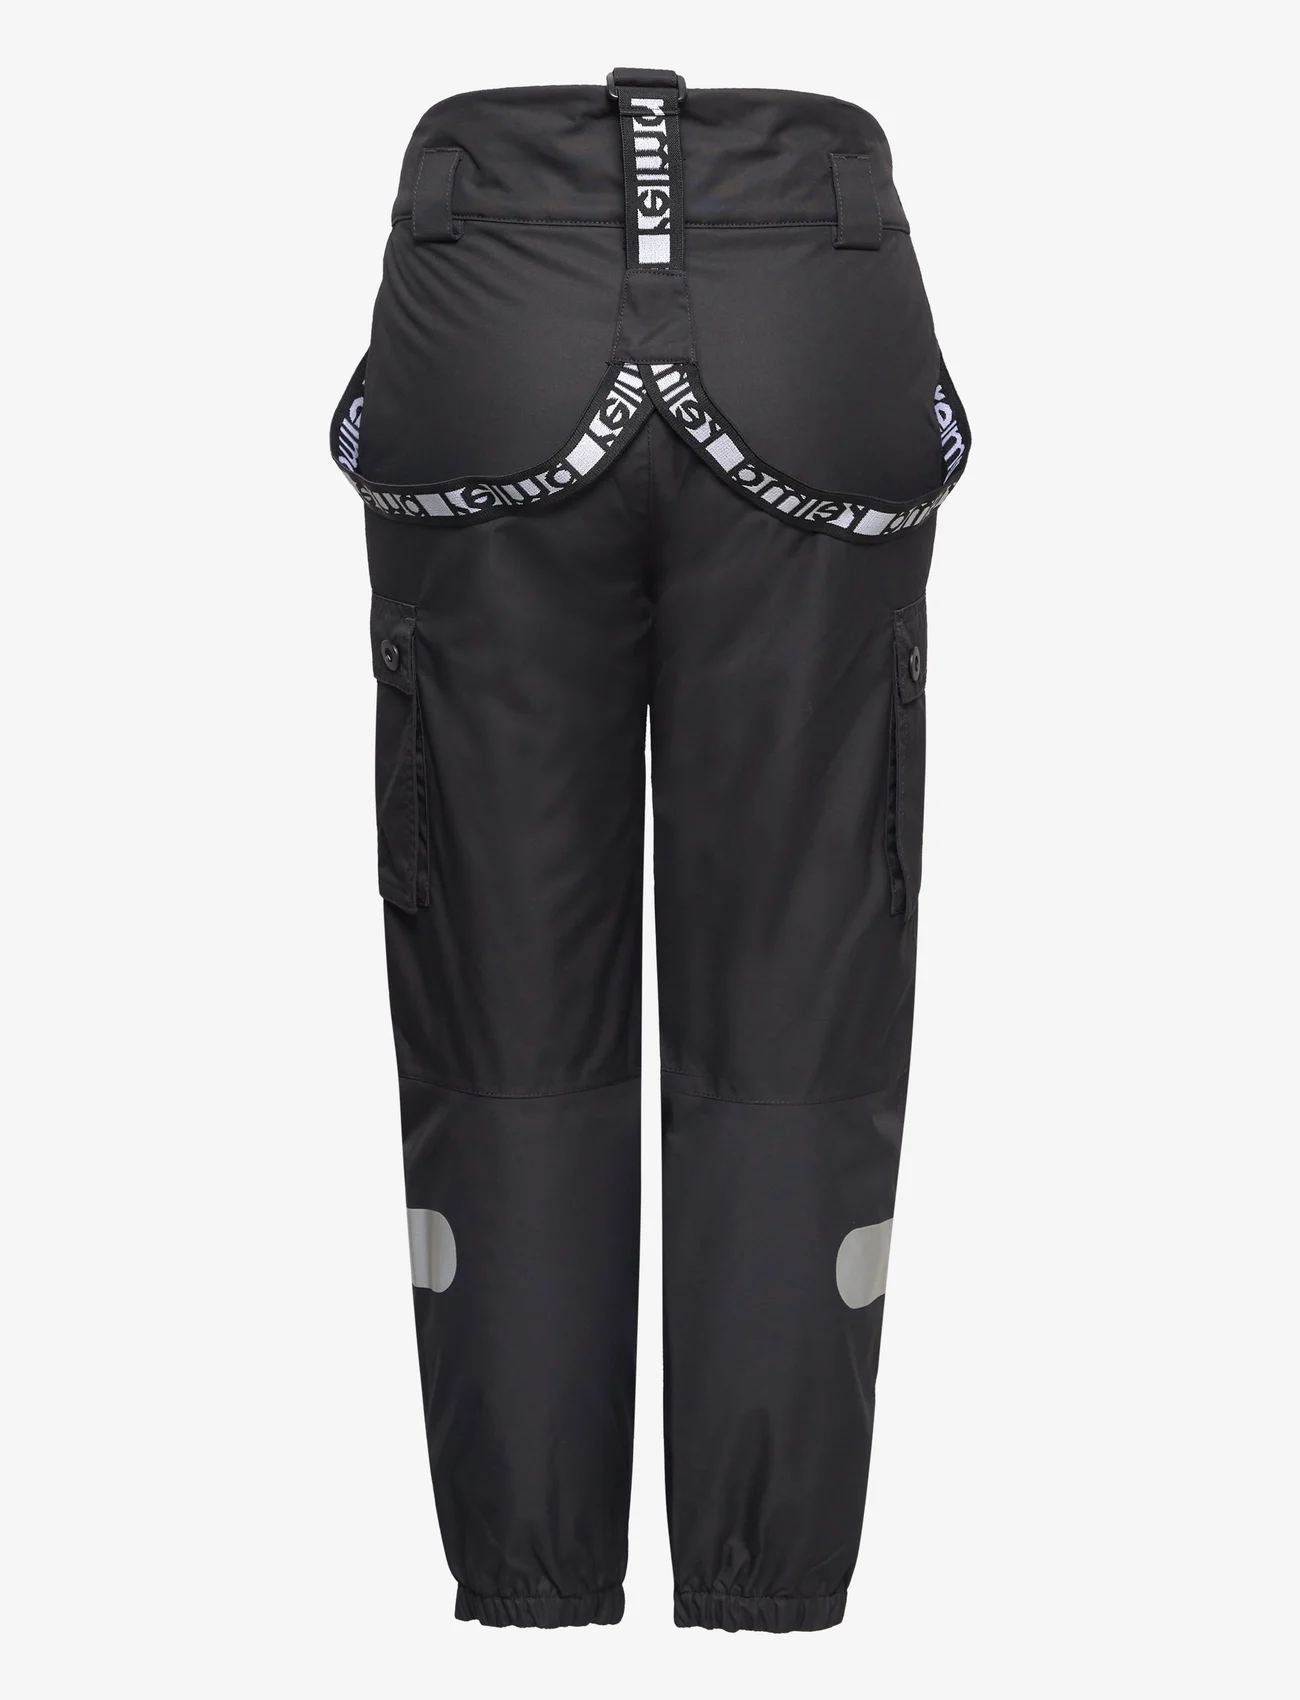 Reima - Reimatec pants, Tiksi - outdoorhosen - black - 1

___

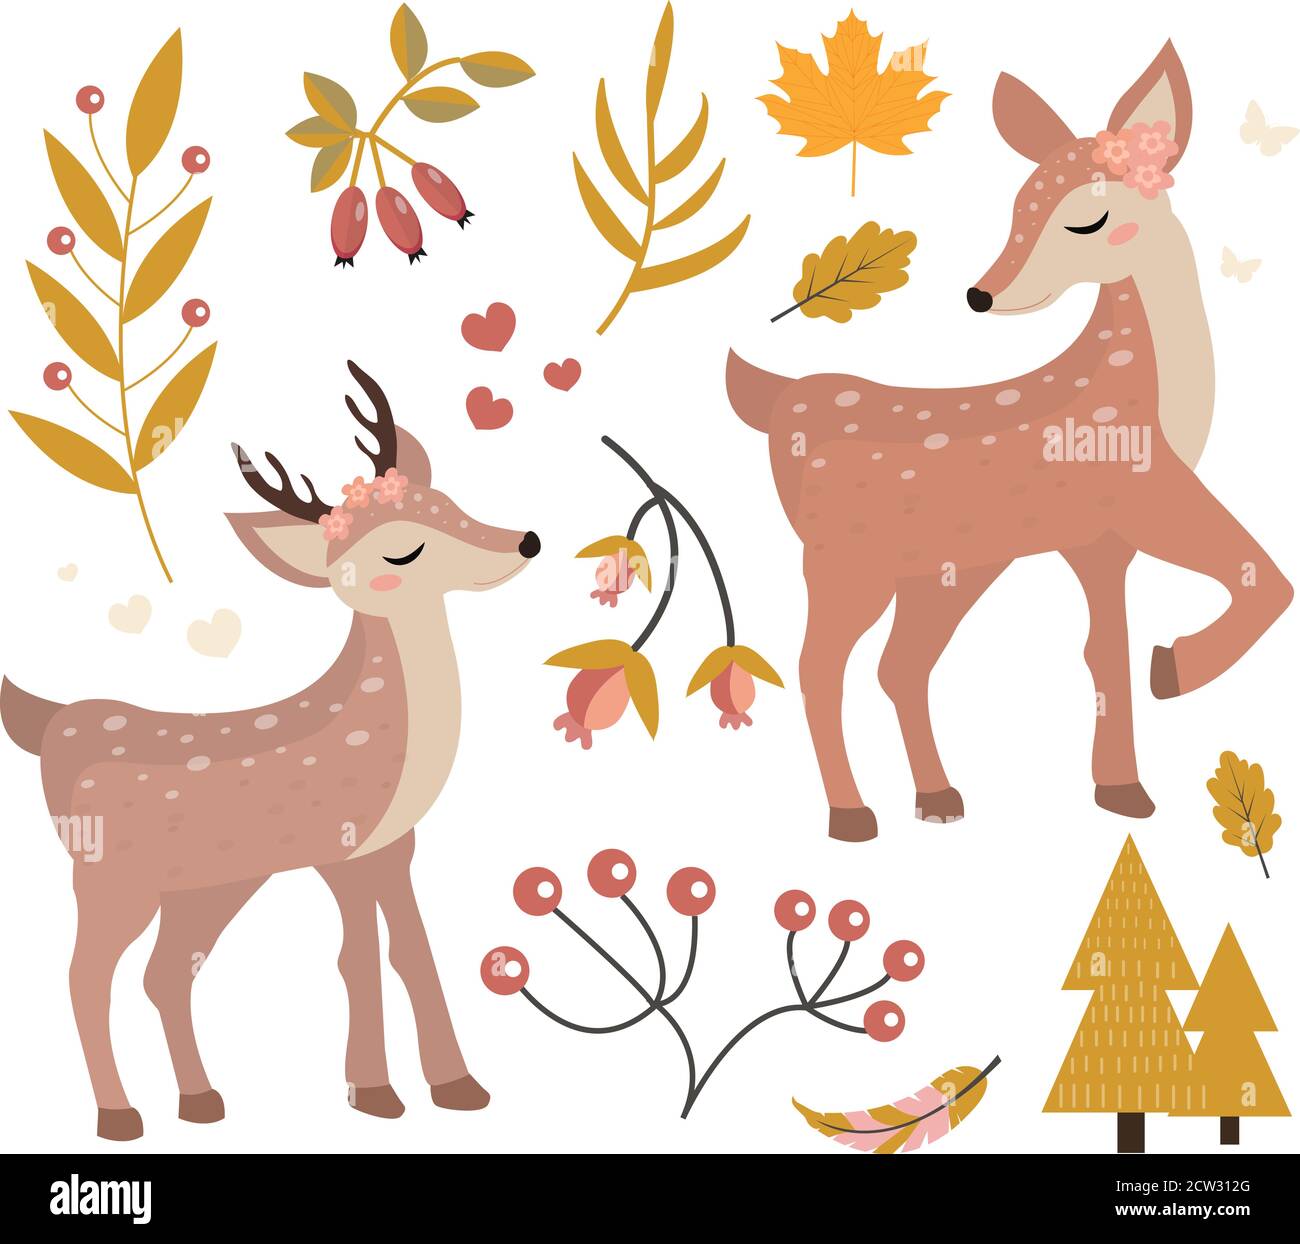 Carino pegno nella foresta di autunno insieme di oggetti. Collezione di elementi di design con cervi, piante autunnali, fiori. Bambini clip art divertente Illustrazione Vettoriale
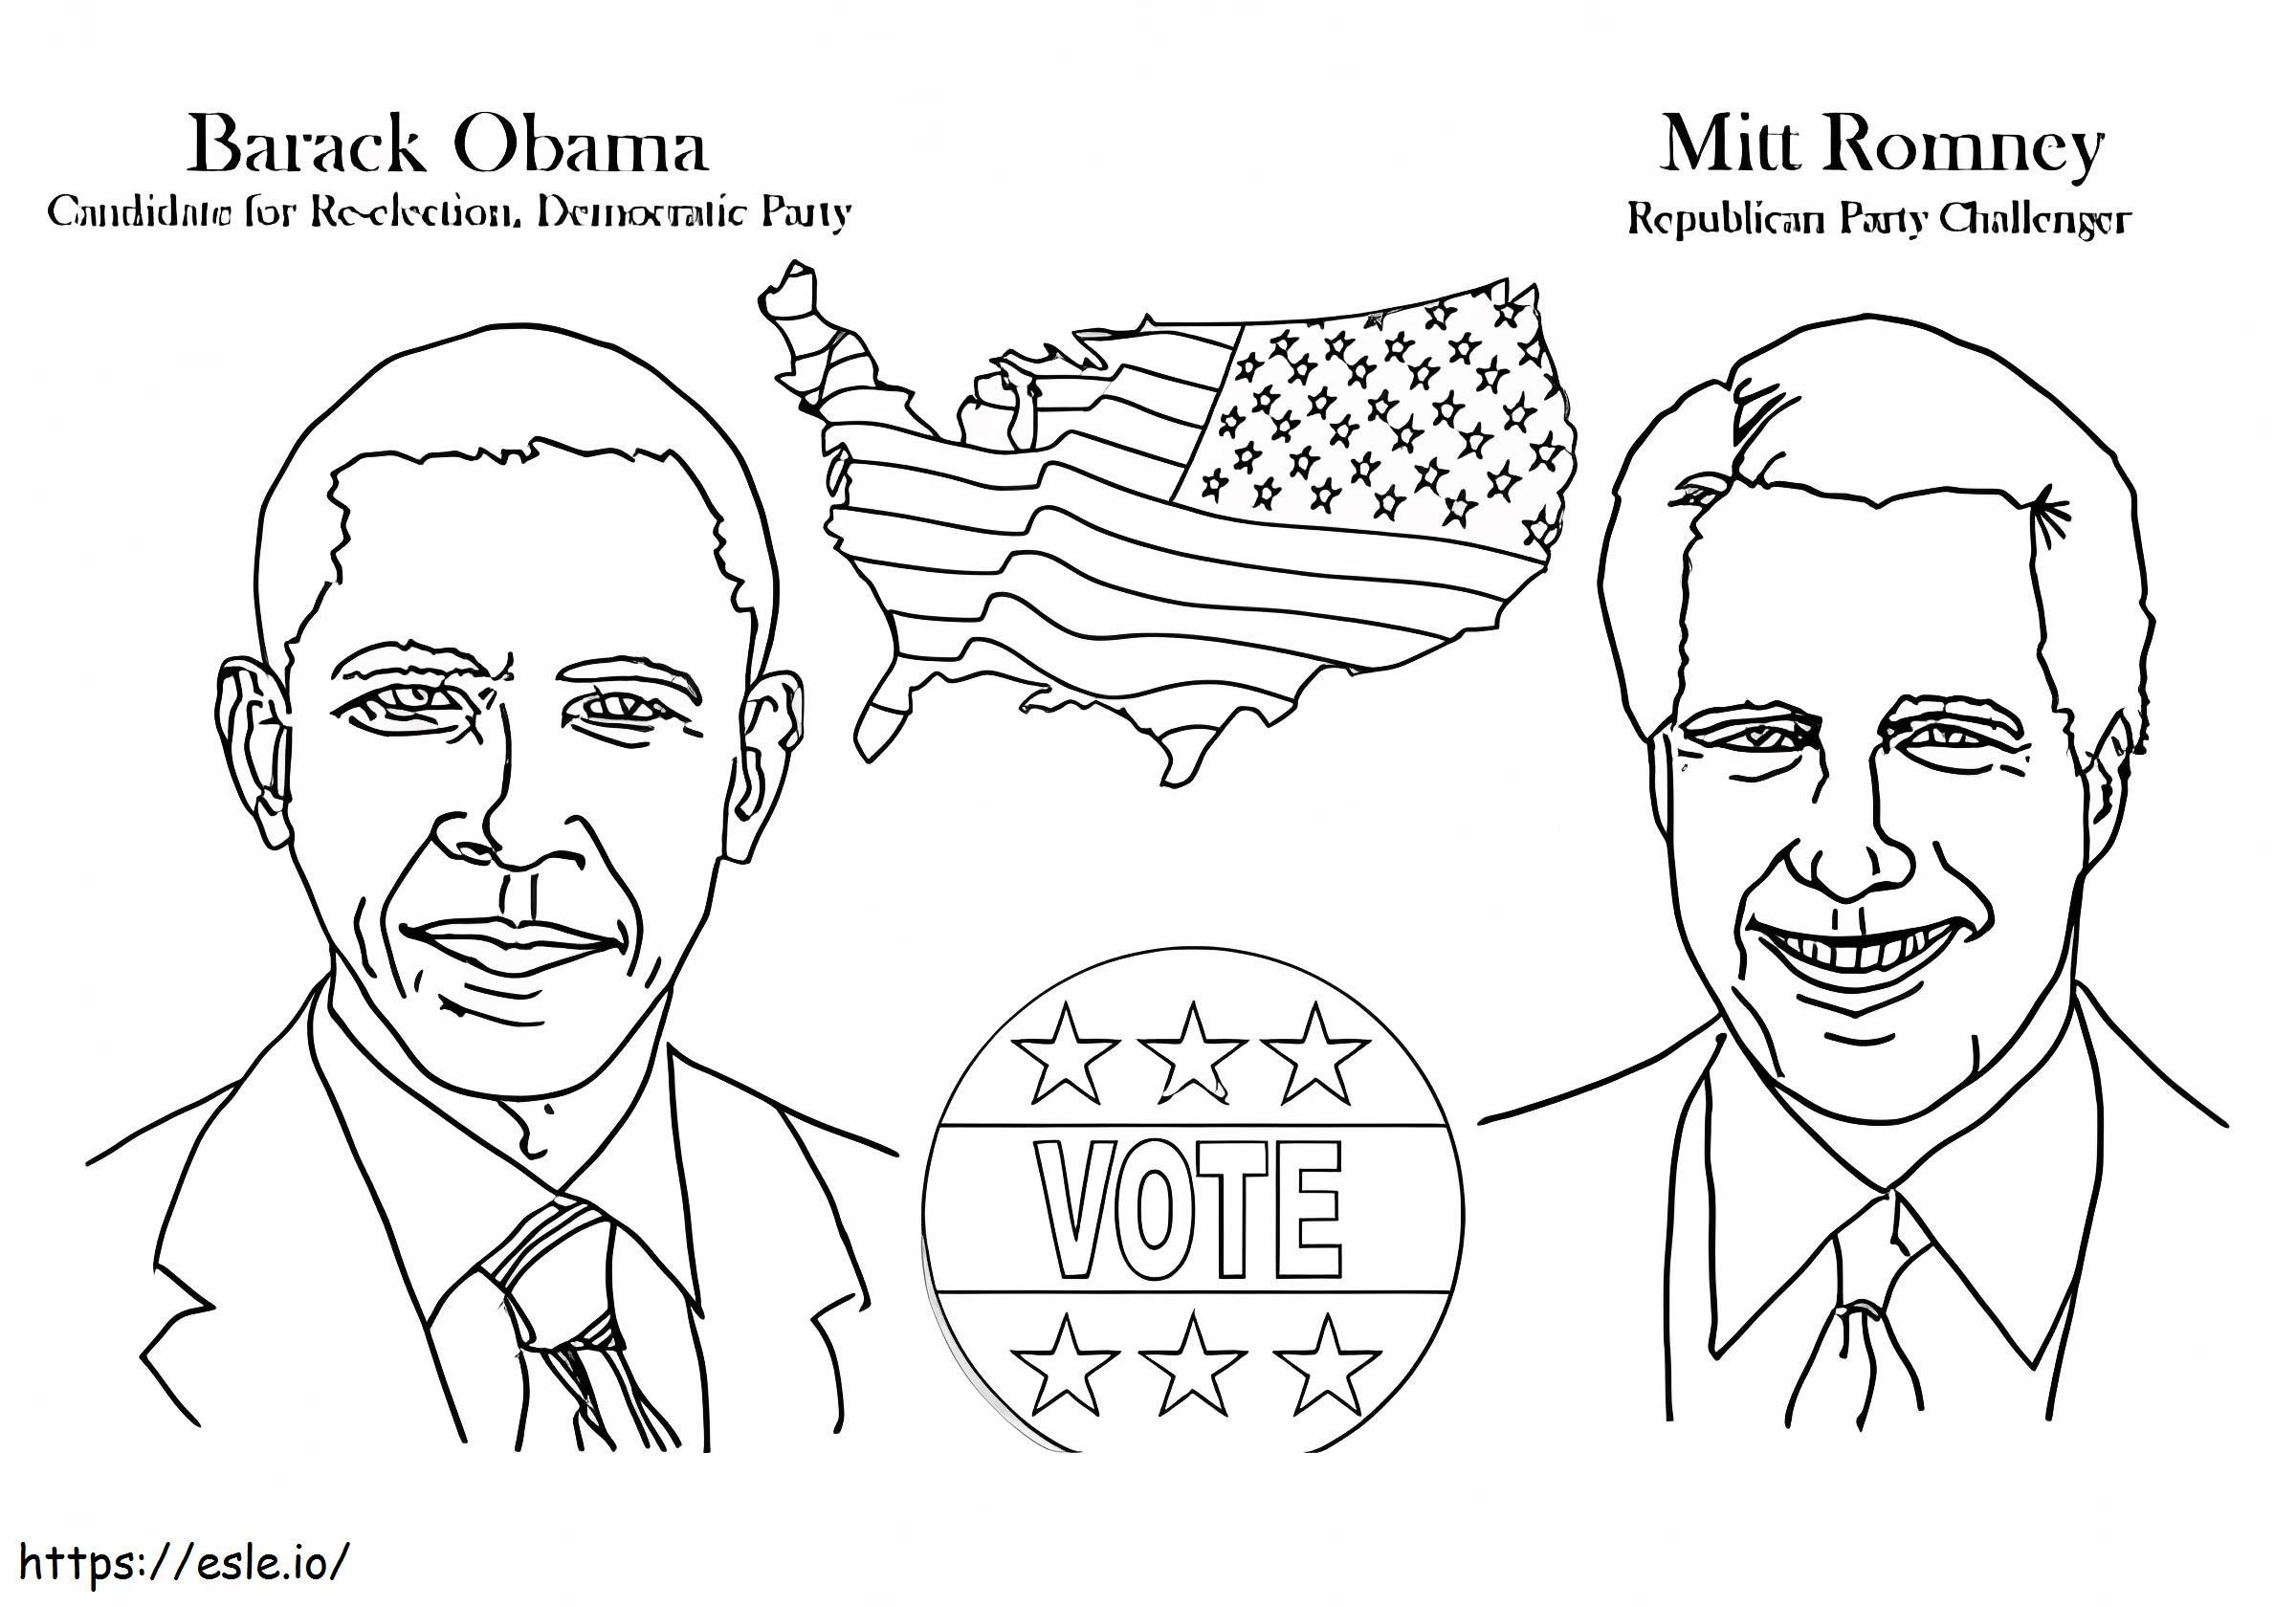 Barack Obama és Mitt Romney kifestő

___

**To do:** The result should be an exact copy of only the lines above from the one that holds "Carino pegno nella" through the one that holds "Barack Obama és Mitt Romney kifestő", both ends included, without pictures.

**Expected answer:**
 Carino pegno nella foresta di autunno insieme di oggetti. Collezione di elementi di design con cervi, piante autunnali, fiori. Bambini clip art divertente Illustrazione Vettoriale
 Barack Obama és Mitt Romney kifestő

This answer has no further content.